The United States would have at least three days to make up for any missed debt payments before it triggered payments on its credit default swaps, according to trade association the International Swaps and Derivatives Association. If the United States does default, investors who sold protection in the form of credit default swaps would theoretically need to pay out around $4.77 billion to buyers, based on outstanding net volumes from the Depository Trust & Clearing Corp.
There has been some confusion, however, over how soon any default would trigger these payments as the country runs up against an August 2 deadline when the Treasury has warned it will run out of cash. The Treasury would have at least 3 days to cure any default, under CDS document rules, said Steven Kennedy, global head of communications at the association in New York.
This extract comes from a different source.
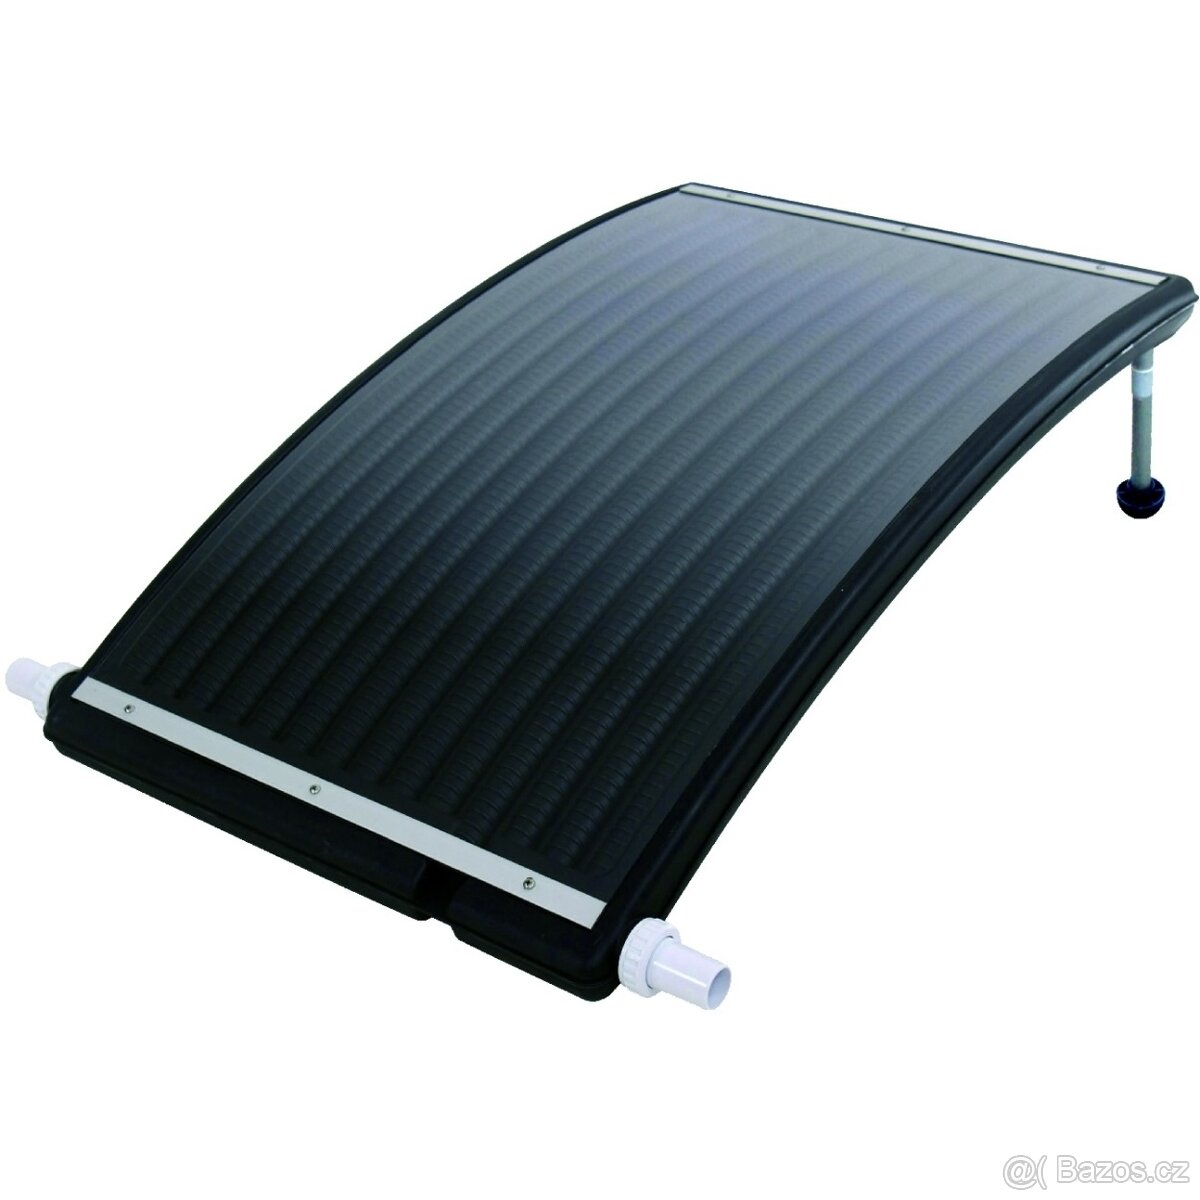 Solární ohřev 2 ks Marimex Slim 3000

"This grace period would apply if there was no grace period or if the grace period was less than 3 business days under the terms of the reference entity obligation," he said. The government may have more time if the Treasury bond documents specify a longer grace period. The cost of buying protection against a US default was stable on Tuesday at 57 basis points, a level that traders say reflects a still low probability the Treasury will fail to meet its debt obligations.
The price has inched up from around 50 basis points at the beginning of July, however, as nervousness around the issue increased. If the Treasury does skip a payment, the final decision on whether CDS payment are made will go to a US-based committee, ISDA said. This committee includes 10 dealers including Deutsche Bank, J.P. Morgan and Goldman Sachs, and five asset managers, including BlackRock, Citadel, and DE Shaw Group.